TASK DETAILS: Only an exact copy of the lines beginning at the one that contains "Pramila Jayapal is" and ending at the last line of the records below counts as the answer.

MATERIAL TO PROCESS:
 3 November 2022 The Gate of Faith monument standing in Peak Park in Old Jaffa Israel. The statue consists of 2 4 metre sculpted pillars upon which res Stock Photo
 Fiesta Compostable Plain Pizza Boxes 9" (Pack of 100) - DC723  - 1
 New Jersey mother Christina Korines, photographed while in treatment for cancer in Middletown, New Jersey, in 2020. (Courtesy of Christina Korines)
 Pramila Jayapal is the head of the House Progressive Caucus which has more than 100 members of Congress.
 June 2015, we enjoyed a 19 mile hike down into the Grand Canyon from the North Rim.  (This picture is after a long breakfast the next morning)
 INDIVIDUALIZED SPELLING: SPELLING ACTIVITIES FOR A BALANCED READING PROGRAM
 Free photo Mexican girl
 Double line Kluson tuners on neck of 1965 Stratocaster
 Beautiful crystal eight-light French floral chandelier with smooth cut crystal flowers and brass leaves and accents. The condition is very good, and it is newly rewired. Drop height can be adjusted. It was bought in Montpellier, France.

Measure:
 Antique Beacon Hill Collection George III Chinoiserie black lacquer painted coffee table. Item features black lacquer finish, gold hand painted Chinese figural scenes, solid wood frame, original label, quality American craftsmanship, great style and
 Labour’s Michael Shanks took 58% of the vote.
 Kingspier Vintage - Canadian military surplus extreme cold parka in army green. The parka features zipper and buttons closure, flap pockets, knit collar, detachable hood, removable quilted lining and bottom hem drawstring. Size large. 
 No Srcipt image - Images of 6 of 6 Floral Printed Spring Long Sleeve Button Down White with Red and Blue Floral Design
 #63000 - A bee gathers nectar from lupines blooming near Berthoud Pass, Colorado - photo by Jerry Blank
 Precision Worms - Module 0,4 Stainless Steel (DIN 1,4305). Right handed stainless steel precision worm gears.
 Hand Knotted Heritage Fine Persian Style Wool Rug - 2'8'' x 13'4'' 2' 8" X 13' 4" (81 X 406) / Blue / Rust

OUTPUT BELOW:
 Pramila Jayapal is the head of the House Progressive Caucus which has more than 100 members of Congress.
 June 2015, we enjoyed a 19 mile hike down into the Grand Canyon from the North Rim.  (This picture is after a long breakfast the next morning)
 INDIVIDUALIZED SPELLING: SPELLING ACTIVITIES FOR A BALANCED READING PROGRAM
 Free photo Mexican girl
 Double line Kluson tuners on neck of 1965 Stratocaster
 Beautiful crystal eight-light French floral chandelier with smooth cut crystal flowers and brass leaves and accents. The condition is very good, and it is newly rewired. Drop height can be adjusted. It was bought in Montpellier, France.

Measure:
 Antique Beacon Hill Collection George III Chinoiserie black lacquer painted coffee table. Item features black lacquer finish, gold hand painted Chinese figural scenes, solid wood frame, original label, quality American craftsmanship, great style and
 Labour’s Michael Shanks took 58% of the vote.
 Kingspier Vintage - Canadian military surplus extreme cold parka in army green. The parka features zipper and buttons closure, flap pockets, knit collar, detachable hood, removable quilted lining and bottom hem drawstring. Size large. 
 No Srcipt image - Images of 6 of 6 Floral Printed Spring Long Sleeve Button Down White with Red and Blue Floral Design
 #63000 - A bee gathers nectar from lupines blooming near Berthoud Pass, Colorado - photo by Jerry Blank
 Precision Worms - Module 0,4 Stainless Steel (DIN 1,4305). Right handed stainless steel precision worm gears.
 Hand Knotted Heritage Fine Persian Style Wool Rug - 2'8'' x 13'4'' 2' 8" X 13' 4" (81 X 406) / Blue / Rust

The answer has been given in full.